> [What is expected]: Although the data below holds other lines too, output only those from the line with "La Martina Elegant" up to and including the line with "Original DC Batman", exactly as they appear.

> [Collection entries]:
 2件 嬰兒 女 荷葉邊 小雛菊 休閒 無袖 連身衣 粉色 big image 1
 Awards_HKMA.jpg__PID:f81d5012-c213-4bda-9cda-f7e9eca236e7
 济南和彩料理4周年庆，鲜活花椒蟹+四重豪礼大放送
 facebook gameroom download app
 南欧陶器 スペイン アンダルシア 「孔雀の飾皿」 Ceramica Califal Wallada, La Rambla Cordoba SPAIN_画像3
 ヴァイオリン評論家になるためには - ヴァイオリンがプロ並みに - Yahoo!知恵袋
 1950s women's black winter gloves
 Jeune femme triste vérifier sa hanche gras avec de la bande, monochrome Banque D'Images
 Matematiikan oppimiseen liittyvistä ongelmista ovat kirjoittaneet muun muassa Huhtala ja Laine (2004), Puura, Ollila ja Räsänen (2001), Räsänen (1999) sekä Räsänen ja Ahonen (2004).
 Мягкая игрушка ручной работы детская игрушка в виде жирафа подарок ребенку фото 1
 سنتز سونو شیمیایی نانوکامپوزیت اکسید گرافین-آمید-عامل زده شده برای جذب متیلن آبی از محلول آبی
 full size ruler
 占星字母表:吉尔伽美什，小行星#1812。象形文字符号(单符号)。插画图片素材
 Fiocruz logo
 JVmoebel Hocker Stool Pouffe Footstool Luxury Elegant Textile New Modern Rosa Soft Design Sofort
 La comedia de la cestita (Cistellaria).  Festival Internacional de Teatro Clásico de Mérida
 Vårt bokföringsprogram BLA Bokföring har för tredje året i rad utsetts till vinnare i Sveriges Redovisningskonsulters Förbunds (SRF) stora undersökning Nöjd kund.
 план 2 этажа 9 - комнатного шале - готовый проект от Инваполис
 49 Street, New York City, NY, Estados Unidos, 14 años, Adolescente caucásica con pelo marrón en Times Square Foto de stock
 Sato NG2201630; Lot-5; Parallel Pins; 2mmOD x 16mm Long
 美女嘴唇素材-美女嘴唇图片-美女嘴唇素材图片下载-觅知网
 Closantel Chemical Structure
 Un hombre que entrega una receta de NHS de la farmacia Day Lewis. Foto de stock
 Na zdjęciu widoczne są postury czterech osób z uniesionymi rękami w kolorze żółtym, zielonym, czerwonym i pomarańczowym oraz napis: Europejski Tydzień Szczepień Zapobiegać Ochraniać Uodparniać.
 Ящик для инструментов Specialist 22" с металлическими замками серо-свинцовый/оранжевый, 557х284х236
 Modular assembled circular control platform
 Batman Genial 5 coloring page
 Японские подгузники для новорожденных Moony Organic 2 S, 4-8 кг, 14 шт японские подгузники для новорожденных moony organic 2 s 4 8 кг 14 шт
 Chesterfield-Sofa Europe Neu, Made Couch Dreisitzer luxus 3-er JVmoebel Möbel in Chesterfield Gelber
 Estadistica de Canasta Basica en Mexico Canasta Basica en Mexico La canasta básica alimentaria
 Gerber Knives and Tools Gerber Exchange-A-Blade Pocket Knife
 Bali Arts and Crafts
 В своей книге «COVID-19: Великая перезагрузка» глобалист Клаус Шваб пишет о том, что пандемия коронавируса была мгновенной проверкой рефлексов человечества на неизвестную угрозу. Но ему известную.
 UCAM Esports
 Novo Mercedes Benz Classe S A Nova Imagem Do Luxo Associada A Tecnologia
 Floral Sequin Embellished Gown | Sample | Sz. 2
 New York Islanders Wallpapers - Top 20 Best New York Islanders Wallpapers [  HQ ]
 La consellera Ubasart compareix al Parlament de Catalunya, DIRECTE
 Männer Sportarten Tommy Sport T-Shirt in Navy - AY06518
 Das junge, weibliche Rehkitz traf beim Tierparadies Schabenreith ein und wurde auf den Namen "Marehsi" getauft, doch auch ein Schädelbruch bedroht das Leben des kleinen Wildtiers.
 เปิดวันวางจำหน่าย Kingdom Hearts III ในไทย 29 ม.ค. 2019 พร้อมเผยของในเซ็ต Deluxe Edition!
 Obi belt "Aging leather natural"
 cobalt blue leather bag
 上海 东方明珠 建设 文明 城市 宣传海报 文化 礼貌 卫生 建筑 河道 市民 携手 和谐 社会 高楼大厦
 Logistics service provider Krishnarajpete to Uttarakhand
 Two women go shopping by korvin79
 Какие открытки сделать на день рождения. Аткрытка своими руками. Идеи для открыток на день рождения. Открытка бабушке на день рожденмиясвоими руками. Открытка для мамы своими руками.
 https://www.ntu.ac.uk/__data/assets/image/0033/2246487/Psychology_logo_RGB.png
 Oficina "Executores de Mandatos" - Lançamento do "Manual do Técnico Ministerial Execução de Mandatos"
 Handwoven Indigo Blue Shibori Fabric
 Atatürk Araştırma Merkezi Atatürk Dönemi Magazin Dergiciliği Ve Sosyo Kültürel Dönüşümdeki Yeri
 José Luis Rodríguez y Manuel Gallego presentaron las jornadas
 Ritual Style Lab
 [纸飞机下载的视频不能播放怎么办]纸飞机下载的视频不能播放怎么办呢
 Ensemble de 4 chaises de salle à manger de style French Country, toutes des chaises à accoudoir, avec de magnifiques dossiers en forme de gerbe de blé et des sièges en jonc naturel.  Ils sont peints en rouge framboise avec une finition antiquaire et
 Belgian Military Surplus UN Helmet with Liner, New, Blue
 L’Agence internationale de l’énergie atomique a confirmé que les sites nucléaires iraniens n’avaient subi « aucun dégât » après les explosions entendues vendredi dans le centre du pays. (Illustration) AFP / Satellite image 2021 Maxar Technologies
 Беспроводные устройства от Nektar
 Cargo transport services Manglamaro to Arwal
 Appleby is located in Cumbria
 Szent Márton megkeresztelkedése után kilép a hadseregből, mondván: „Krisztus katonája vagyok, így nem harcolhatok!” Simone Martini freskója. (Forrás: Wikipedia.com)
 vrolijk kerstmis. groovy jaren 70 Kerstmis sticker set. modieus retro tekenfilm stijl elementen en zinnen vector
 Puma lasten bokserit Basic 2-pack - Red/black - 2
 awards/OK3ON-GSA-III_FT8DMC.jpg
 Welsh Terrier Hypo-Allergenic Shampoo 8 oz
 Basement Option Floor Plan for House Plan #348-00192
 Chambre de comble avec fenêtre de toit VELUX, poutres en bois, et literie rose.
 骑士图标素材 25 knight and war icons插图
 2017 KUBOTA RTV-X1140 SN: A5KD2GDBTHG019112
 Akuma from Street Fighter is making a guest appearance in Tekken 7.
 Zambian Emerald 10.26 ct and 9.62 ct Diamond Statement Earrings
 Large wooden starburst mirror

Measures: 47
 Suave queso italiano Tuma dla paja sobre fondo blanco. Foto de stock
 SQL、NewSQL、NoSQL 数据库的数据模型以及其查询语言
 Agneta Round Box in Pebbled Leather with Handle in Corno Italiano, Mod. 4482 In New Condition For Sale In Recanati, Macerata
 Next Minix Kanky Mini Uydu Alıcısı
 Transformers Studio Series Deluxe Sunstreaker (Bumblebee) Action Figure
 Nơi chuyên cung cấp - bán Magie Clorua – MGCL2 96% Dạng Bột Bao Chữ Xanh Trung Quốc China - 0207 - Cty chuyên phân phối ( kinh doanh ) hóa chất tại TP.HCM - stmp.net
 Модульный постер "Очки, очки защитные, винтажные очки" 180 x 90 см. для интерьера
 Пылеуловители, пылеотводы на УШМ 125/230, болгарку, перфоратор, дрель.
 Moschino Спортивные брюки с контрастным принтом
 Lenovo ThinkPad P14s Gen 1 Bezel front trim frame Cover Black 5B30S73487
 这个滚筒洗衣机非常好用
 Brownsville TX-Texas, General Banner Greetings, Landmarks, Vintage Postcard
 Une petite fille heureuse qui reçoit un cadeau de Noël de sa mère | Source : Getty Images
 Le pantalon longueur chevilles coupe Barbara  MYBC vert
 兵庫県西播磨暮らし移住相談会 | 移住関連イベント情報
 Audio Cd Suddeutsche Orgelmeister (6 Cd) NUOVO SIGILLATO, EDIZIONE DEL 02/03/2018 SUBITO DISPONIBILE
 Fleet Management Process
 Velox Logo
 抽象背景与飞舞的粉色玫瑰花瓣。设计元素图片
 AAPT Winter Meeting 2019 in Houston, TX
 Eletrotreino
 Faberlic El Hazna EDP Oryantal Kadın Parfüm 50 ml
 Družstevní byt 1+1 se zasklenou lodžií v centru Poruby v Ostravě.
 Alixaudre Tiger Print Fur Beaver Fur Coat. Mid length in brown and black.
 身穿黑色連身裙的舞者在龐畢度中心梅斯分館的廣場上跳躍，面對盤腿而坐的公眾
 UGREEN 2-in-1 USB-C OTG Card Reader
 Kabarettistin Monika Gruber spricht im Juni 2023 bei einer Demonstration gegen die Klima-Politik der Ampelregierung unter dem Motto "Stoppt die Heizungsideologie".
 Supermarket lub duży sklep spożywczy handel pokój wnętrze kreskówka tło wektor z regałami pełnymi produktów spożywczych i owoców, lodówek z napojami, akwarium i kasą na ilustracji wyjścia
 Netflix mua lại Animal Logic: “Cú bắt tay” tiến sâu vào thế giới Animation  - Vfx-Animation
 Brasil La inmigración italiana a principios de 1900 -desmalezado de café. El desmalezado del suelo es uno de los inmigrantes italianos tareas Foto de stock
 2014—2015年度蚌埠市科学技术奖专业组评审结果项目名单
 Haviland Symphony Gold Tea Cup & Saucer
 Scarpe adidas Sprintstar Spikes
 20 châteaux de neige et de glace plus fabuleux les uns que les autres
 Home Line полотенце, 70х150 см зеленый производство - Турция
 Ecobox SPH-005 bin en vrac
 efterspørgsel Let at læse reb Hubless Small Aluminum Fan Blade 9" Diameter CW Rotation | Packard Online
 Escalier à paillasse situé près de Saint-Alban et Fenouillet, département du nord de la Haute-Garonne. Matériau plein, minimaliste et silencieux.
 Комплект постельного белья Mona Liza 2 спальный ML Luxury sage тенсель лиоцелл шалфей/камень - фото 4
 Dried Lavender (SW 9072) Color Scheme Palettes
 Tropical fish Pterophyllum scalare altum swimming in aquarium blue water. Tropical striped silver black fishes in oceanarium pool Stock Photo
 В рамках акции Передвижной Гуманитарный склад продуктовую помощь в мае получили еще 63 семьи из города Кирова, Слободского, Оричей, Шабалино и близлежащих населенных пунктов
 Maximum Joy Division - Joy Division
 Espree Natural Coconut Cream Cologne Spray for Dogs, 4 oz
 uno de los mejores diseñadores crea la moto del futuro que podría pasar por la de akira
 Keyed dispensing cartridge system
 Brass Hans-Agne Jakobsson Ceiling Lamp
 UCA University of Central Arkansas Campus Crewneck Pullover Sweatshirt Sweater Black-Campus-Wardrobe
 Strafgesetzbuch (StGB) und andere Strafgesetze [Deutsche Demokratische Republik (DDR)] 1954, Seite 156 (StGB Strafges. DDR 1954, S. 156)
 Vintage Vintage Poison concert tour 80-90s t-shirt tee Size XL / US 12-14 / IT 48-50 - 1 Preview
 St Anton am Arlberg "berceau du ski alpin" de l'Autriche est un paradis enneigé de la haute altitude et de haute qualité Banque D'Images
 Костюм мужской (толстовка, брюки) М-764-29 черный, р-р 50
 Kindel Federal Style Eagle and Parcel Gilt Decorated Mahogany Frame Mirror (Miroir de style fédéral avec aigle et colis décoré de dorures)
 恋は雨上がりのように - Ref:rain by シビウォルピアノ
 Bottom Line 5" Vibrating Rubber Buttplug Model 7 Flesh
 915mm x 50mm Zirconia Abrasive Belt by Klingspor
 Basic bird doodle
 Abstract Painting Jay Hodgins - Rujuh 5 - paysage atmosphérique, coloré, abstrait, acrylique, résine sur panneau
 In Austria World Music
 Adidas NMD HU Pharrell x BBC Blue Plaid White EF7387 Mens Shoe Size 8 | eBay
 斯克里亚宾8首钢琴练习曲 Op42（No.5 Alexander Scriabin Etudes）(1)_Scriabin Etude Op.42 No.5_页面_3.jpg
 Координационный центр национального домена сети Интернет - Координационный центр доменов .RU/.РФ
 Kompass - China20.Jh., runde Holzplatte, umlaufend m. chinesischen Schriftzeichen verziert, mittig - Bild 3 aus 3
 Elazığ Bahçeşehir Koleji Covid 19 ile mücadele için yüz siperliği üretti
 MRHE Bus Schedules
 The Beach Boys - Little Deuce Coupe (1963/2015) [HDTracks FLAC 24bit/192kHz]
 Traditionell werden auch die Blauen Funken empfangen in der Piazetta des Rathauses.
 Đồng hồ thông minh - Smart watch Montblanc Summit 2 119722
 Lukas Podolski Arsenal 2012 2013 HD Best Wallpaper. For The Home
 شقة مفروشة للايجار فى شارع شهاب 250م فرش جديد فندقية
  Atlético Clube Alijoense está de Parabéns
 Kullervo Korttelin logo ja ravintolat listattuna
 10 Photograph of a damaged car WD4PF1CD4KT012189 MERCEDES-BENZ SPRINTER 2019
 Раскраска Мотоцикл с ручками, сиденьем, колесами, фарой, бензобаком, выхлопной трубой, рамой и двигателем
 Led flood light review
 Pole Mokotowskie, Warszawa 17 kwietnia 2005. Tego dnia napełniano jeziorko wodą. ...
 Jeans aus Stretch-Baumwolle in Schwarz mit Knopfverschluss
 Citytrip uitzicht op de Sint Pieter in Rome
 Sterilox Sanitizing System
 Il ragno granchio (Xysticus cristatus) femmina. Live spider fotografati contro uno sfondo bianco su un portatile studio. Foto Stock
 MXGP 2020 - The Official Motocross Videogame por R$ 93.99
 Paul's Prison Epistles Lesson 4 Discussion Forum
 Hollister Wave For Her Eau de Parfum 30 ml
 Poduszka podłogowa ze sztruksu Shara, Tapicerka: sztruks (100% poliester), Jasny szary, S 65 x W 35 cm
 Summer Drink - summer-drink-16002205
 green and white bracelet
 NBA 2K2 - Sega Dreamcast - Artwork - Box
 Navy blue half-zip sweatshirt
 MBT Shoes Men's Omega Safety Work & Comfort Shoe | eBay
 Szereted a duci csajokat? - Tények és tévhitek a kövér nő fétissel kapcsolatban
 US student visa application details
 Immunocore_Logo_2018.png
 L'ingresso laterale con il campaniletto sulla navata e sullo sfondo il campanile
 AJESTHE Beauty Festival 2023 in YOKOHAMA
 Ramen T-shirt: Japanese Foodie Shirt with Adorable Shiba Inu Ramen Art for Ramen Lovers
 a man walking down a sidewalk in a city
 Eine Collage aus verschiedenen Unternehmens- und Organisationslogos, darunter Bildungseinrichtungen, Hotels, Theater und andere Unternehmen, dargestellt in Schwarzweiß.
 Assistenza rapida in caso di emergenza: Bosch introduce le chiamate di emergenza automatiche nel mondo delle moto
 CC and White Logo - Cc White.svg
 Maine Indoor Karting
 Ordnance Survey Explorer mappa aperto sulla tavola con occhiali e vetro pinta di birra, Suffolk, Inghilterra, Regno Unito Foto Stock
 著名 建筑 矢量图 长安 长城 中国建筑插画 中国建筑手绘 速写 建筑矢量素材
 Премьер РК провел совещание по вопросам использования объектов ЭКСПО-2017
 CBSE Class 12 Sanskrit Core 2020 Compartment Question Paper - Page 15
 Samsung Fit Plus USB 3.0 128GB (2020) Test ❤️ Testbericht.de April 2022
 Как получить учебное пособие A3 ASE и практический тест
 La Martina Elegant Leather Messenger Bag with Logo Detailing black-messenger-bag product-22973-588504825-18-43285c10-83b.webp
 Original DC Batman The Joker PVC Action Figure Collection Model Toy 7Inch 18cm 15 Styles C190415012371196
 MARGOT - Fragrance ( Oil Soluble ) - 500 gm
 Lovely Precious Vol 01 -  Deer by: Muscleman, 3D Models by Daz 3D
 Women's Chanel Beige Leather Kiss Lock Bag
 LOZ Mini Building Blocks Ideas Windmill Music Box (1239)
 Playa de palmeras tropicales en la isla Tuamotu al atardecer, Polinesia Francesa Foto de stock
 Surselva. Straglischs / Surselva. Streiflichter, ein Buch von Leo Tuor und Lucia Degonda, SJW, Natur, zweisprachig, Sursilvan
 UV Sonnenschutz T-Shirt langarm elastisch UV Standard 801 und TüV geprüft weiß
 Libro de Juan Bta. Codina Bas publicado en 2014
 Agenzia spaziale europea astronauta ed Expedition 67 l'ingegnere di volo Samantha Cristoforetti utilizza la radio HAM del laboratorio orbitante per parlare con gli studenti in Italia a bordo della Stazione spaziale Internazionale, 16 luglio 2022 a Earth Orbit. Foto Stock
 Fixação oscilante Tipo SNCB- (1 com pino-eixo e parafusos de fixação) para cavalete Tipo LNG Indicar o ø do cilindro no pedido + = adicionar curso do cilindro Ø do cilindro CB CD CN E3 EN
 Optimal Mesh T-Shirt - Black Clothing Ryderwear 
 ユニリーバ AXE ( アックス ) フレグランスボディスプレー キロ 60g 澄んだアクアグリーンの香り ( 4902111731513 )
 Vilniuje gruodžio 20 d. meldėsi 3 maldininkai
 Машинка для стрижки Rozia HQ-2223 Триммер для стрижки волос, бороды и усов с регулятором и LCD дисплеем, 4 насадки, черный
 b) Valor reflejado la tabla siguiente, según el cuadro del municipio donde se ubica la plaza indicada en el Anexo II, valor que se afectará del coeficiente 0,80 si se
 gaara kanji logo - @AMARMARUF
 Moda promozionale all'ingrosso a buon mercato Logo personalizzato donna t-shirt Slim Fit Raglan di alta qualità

> [Problem solution]:
 La Martina Elegant Leather Messenger Bag with Logo Detailing black-messenger-bag product-22973-588504825-18-43285c10-83b.webp
 Original DC Batman The Joker PVC Action Figure Collection Model Toy 7Inch 18cm 15 Styles C190415012371196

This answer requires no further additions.